Wednesday, February 8, 2012

Chicken Math

Folks who have chickens know how it is. Folks who don't...they may not understand how you could accidentally buy five more chickens.
Straight run, two Silver Laced Wyandottes and three New Hampshire Reds. Wanna place a bet on how many roosters I get?

I love having chickens, but I have a love-hate relationship with brooding chicks. I feel like I spend half of each day emptying shavings out of their water bowl, and they really do stink up the laundry room.

On the plus side, these guys are three weeks old already. I'm going to keep them in a couple more weeks and cool them off slowly before they move into the big grow pen outside.

Just in time for five day-old Freedom Rangers to take their place in the laundry.

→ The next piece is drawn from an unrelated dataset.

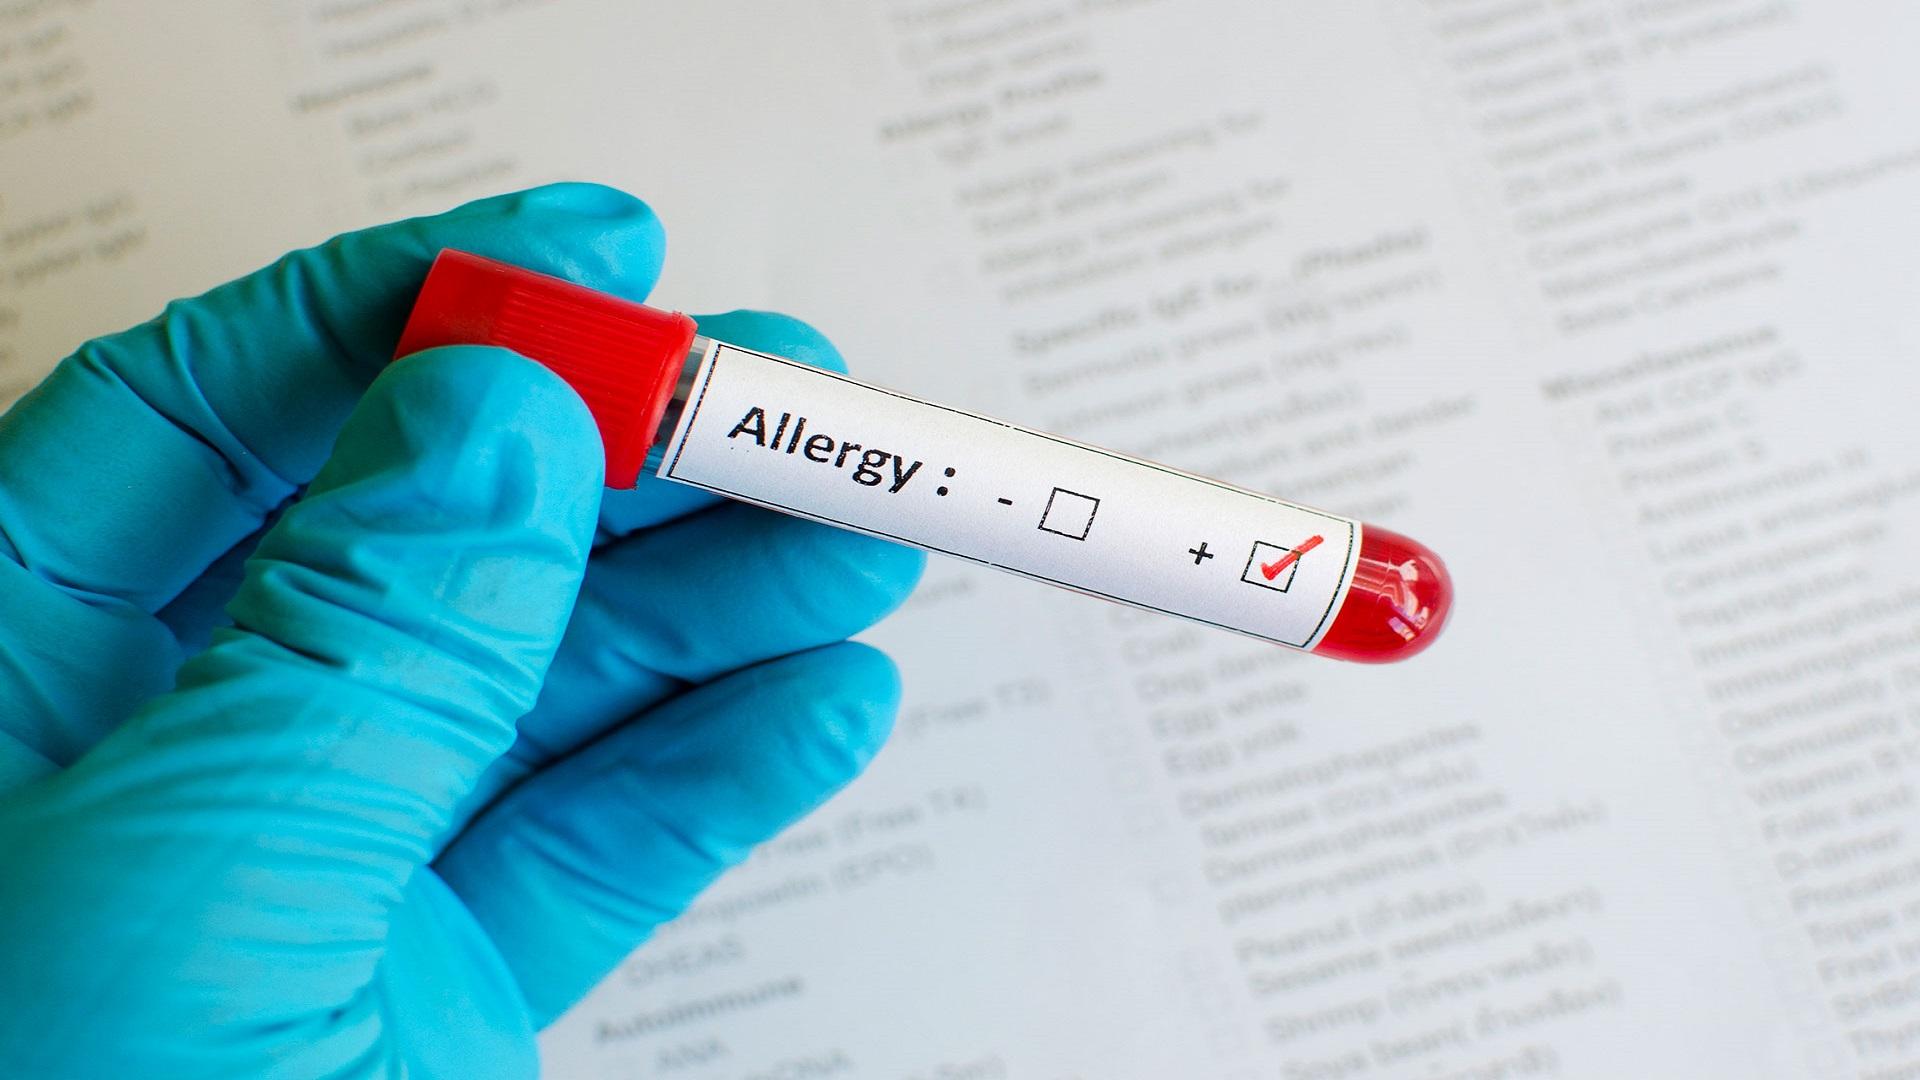 Έρευνα αποκαλύπτει πως πυροδοτούνται οι αλλεργικές αντιδράσεις
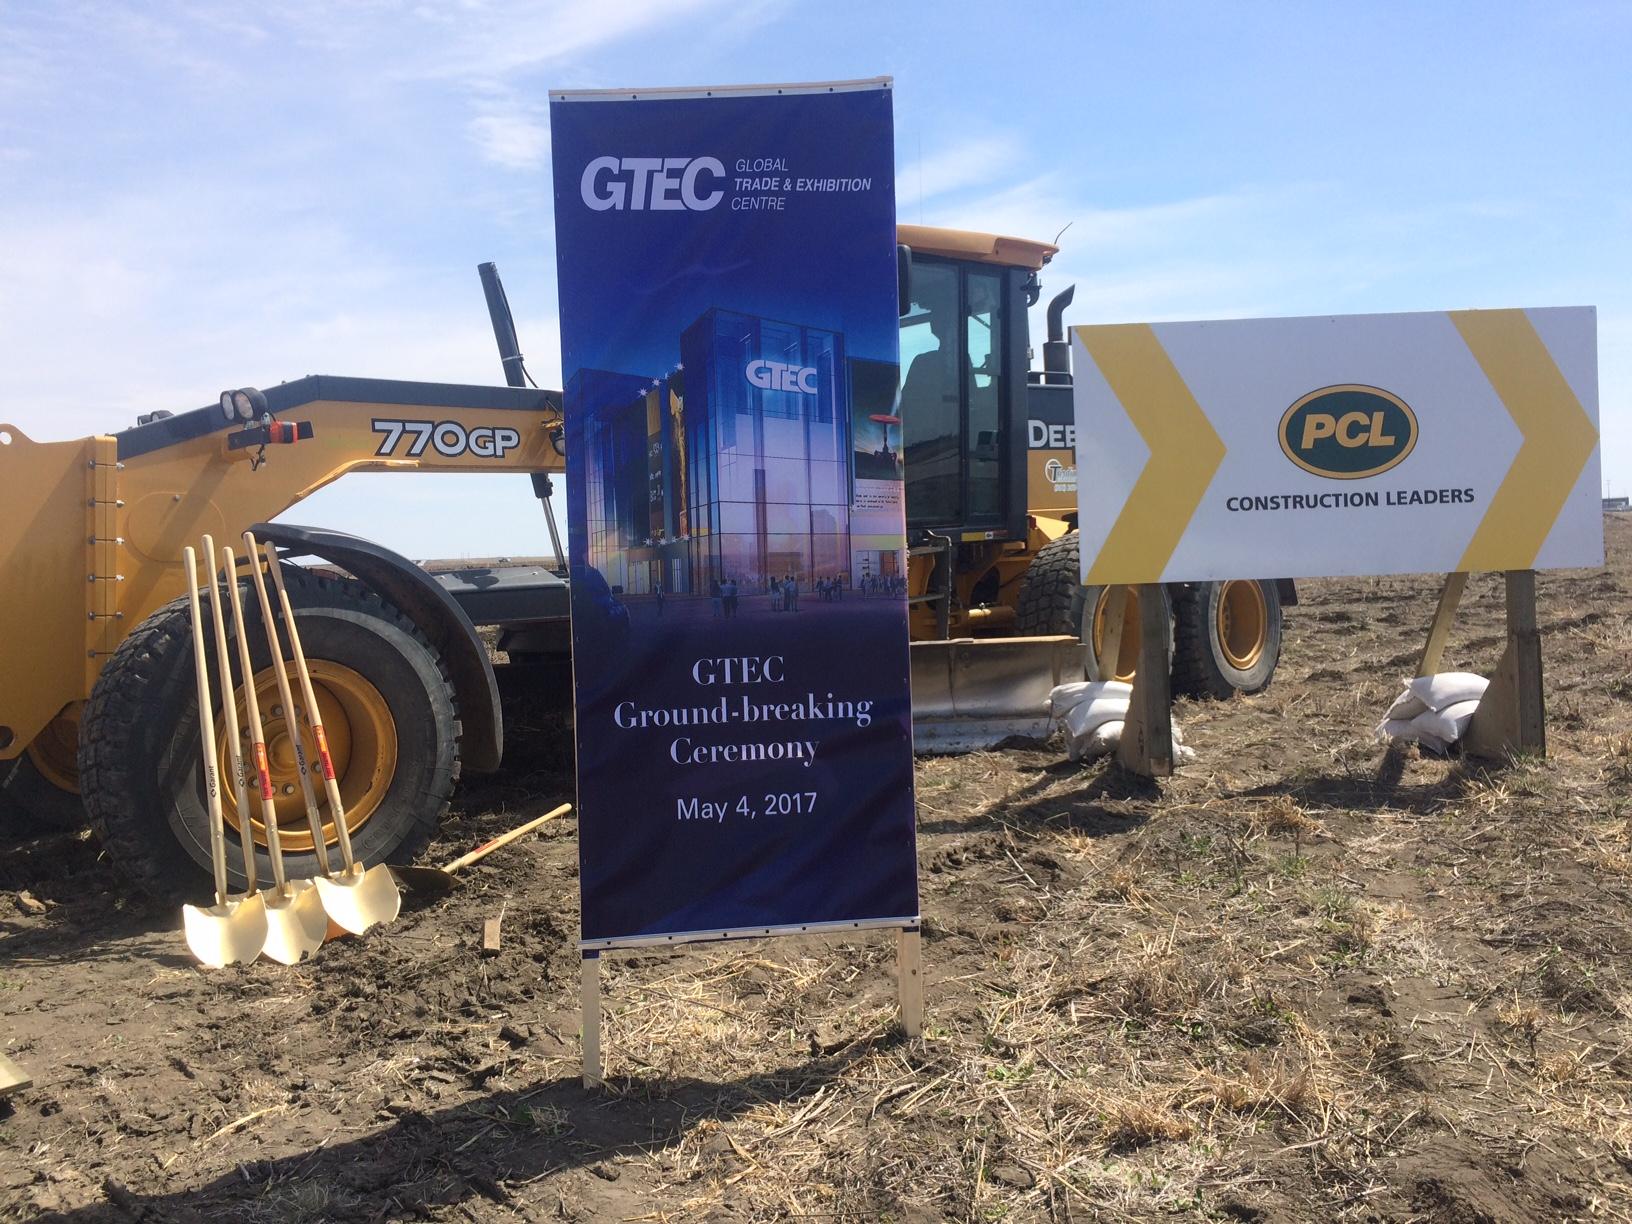 Crews break ground on new Global Trade Exhibition Centre in West Regina

  1. I LOOOOVE raising chicks. I hope you can have fun with it!

  2. You ACCIDENTALLY bought five chickens? Like, you turned around in the feed store, bumped into someone, and five chickens fell into your basket without you noticing? Then when you got home, you were unloading the car, heard some peeping, and damn-it there they are. Checking the sales receipt, you realize that you paid for them so you're sort of stuck with them now. Right? No refunds, returns or exchanges when it comes to chickens. You take 'em home, you're stuck with them.

    1. Yup, that's pretty much how it went down. They are sneaky little things, those chicks.